United Kingdom Founders' Agreement Or Shareholders' Agreement Decision Tree
Is there a UK company limited by shares?
Why Is The Right UK Founders' Agreement Important?
Choosing between a founders' agreement, a shareholders' agreement and updated articles of association matters because each document does a different job under UK company practice.
What Can Go Wrong If Founders Use The Wrong Document?
- Ownership disputes: unclear share, IP or contribution terms can cause arguments when the business gains value.
- Leaver problems: without vesting or leaver rules, a founder may keep a large shareholding after leaving early.
- Investor issues: investors may expect proper shareholder protections before funding a UK company.
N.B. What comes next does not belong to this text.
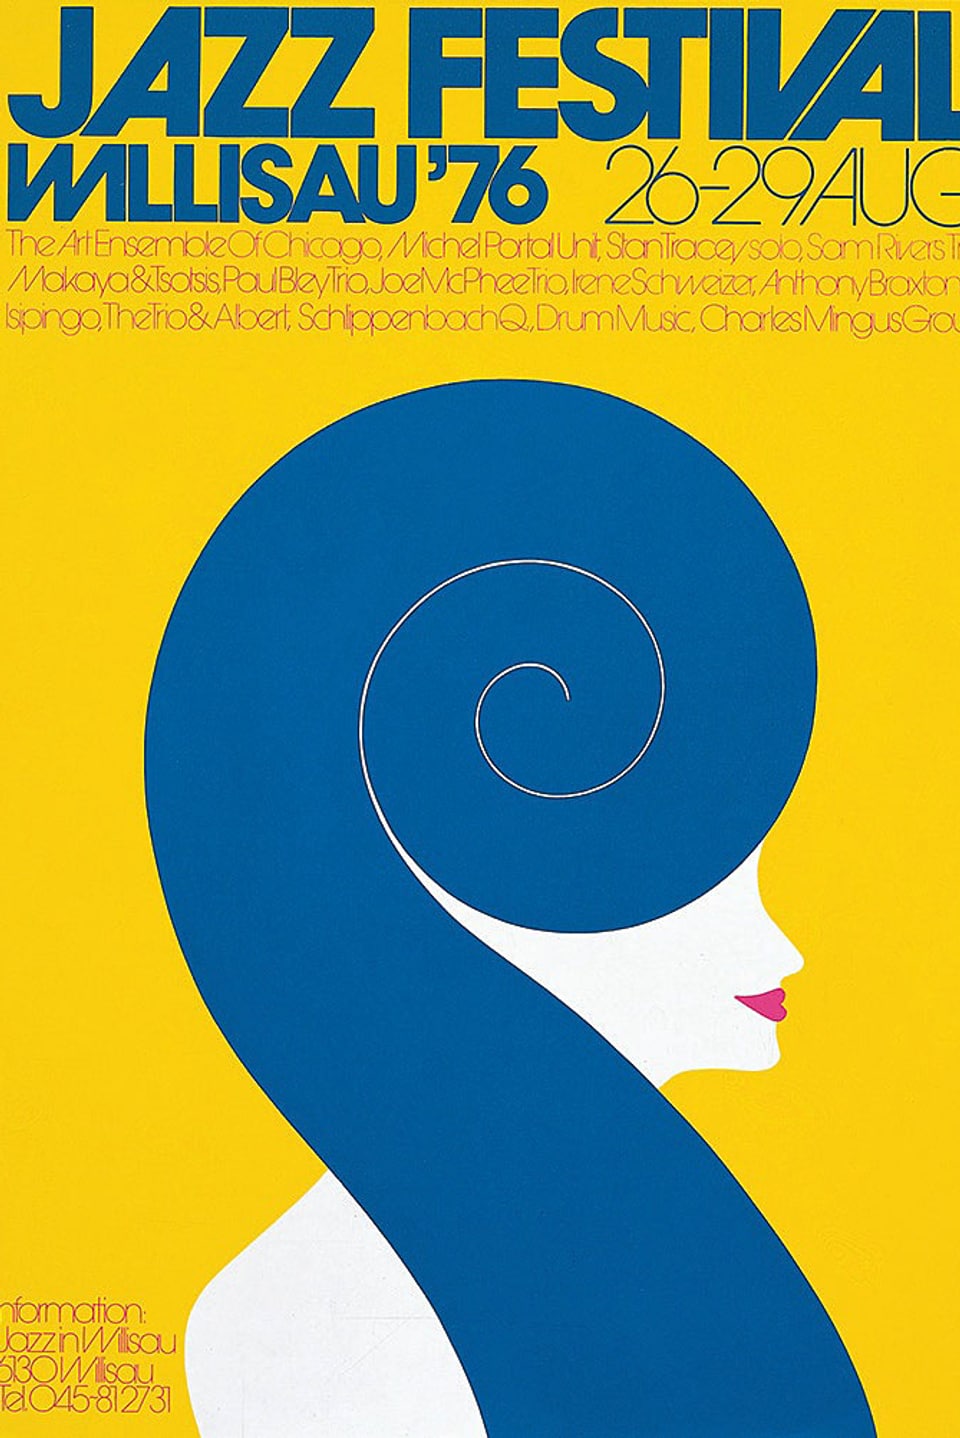 Das Plakat von 1976 zeigt die Zeichnung einer Frau, deren Haare wie die Schnecke eines Saiteninstrumentes verlaufen.

- Public versus private terms: articles are filed at Companies House, while a shareholders' agreement is usually private.
- Decision deadlock: equal founders can become stuck unless the agreement includes a workable deadlock process.
When Should UK Founders Use A Shareholders' Agreement?
UK founders should usually consider a shareholders' agreement once two or more people hold shares in a private company limited by shares. It can sit alongside the company's articles and deal with private commercial matters such as share transfers, reserved matters, confidentiality, restrictive covenants and exit rights.
When Is A Founders' Agreement Better?
A founders' agreement is often better before incorporation or before the share structure is settled. It can record the founders' intentions, protect confidential information, assign or license intellectual property, and set expectations before a formal UK company structure is in place.
Where Can Founders Check Official UK Information?
Founders can review official guidance from GOV.UK on setting up a limited company, Companies House model articles and the UK Intellectual Property Office. These resources help founders understand the company, share and IP context before preparing documents.